4. Reflecting the Spectrum of Light
Different colors of the sapphire exists due to it’s chemical imperfections. A 100% pure corundum will be colorless, a further extension to white sapphire. Different foreign elements included into the sapphire during it’s natural formation process will absorb different wave lengths of different colors, thereby refracting only the wave length of the color that was not absorbed. This is the visible color of a gemstone.
However the presence of glass in the composite sapphire refract and disperse the light into different colors of the spectrum. However the new and evolved glass filling techniques can replicate similar spectrum absorption properties of natural corundum by making different elemental inclusions.
5. Flash Effect of Composite Rubies
One of the known characteristics of composite rubies made by lead glass filling is the slight blue color flash effect. This will be visible through a standard jewelers microscope. The different refractive levels of the low quality natural sapphire host and lead glass causes these blue to violet color flashes.

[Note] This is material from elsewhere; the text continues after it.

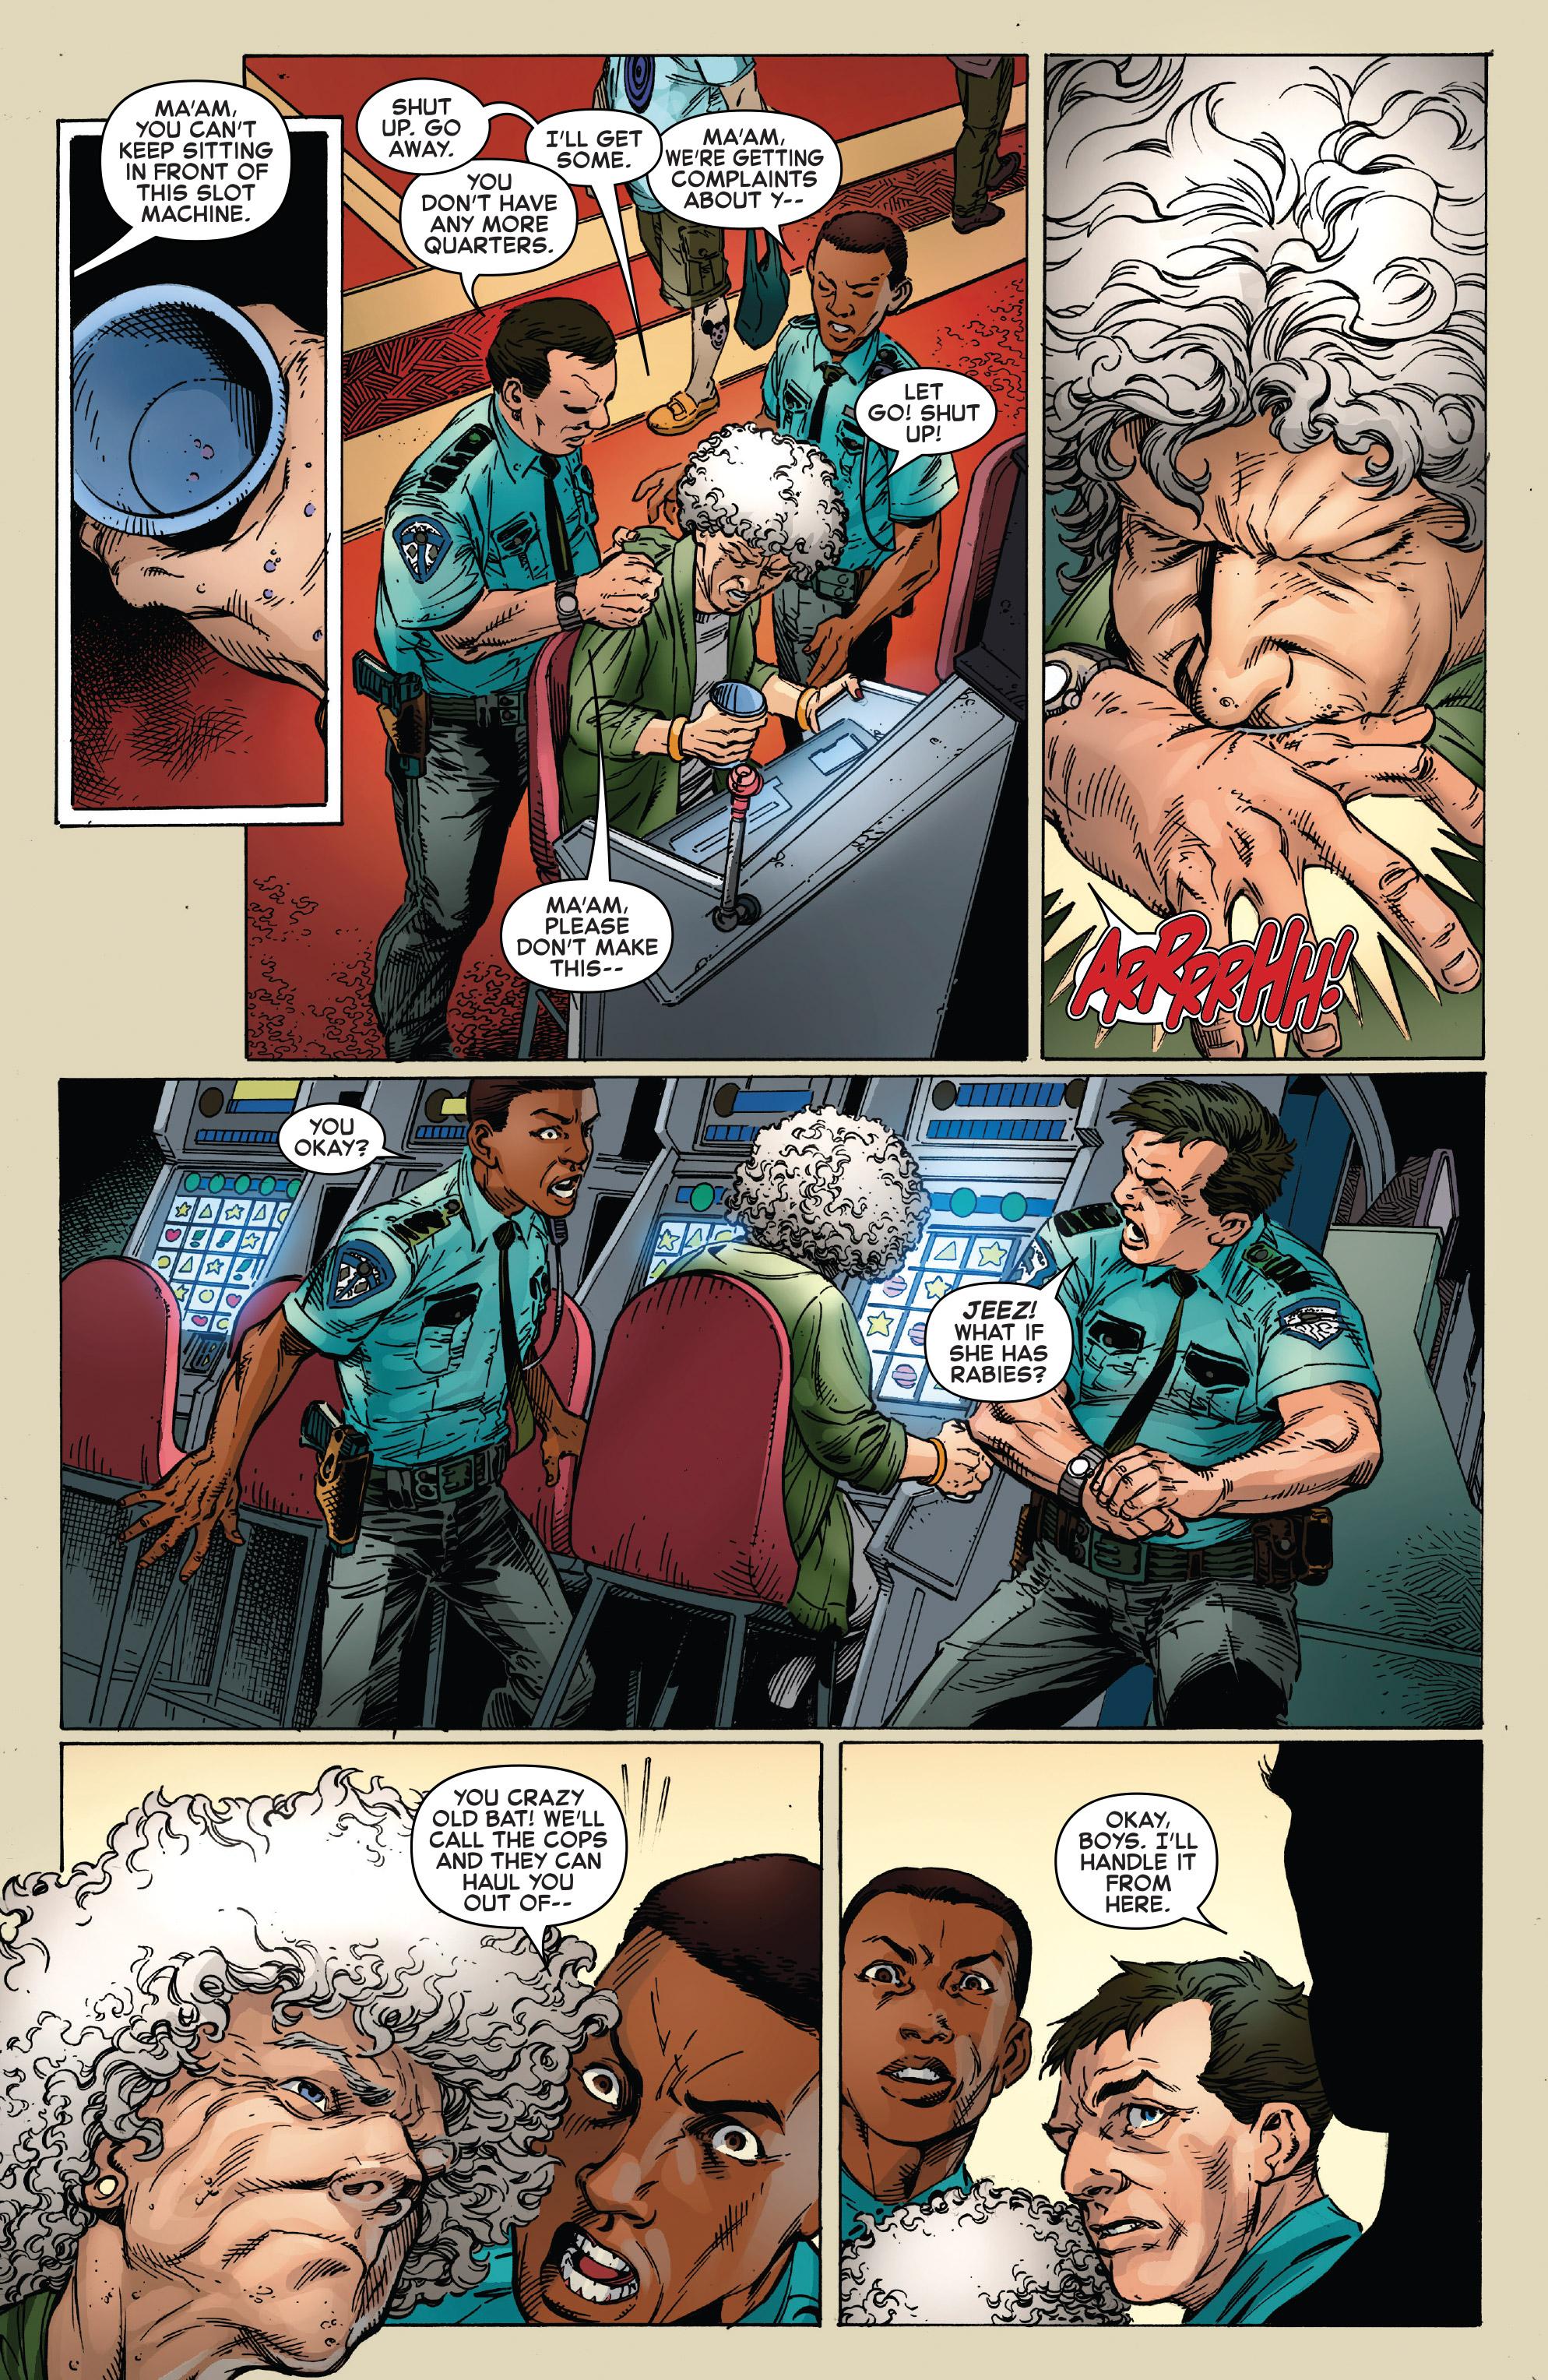 Read online Ben Reilly: Scarlet Spider comic -  Issue #2 - 18

6. Dip Some Household Cleaning
When glass filled sapphire come into contact with household cleaners, acids or alcohol, the glass filling of the fractures gets damaged and etched. Then these fracture fillings become much more visible with some level of magnification. The complete appearance of the fake gemstone can be visibly tarnished by doing this whereas a natural sapphire will stand strong.
7. Air Bubbles and Reflective Black Spots
One of the most evident feature of glass filled sapphire is the abundant amount of bubbles in the interior of the gemstone. Sometimes these bubbles can be seen as slightly reflective tiny black spots. These will be readily visible with a certain level of magnification or even to the naked eye if inspected very closely under different lighting conditions.
8. Breath on to the Sapphire
Another accepted method is to do a fog test. Breath on to the surface of the sapphire until it gets fogged. If the fog clears out instantly, the sapphire can be real, whereas composite sapphire may take few seconds to clear. This is considered taking place due to high heat conductivity of the sapphire. However with the new lead and sometimes cobalt glass filled sapphires may not be accurately measured with this method.
9. Certification by a Recognized Institute
A fake sapphire can also be elusive to all above testing methods. If the value of the sapphire that you intend to purchase is quite significant, it will be prudent to have the stone inspected with a reputed institute like American Geological Laboratories or from Gemological Institution of America. An independent and experienced jeweler can also spot above mentioned properties through some standard tests.
A known origin for composite glass filled sapphire is Bangkok. Thailand has a history of gem trading dating back to many years making them the most prominent intermediary. Also some of these fake sapphires were detected in Hong Kong, United Kingdom and even in the gem markets in USA.
It’s always reliable to reach the origin, if you are particular about certain sapphire origins like Ceylon Sapphire. However it is always good to trust your instincts and make sure sapphire accompanies some sort of a certification. Finally, happy sapphire hunting.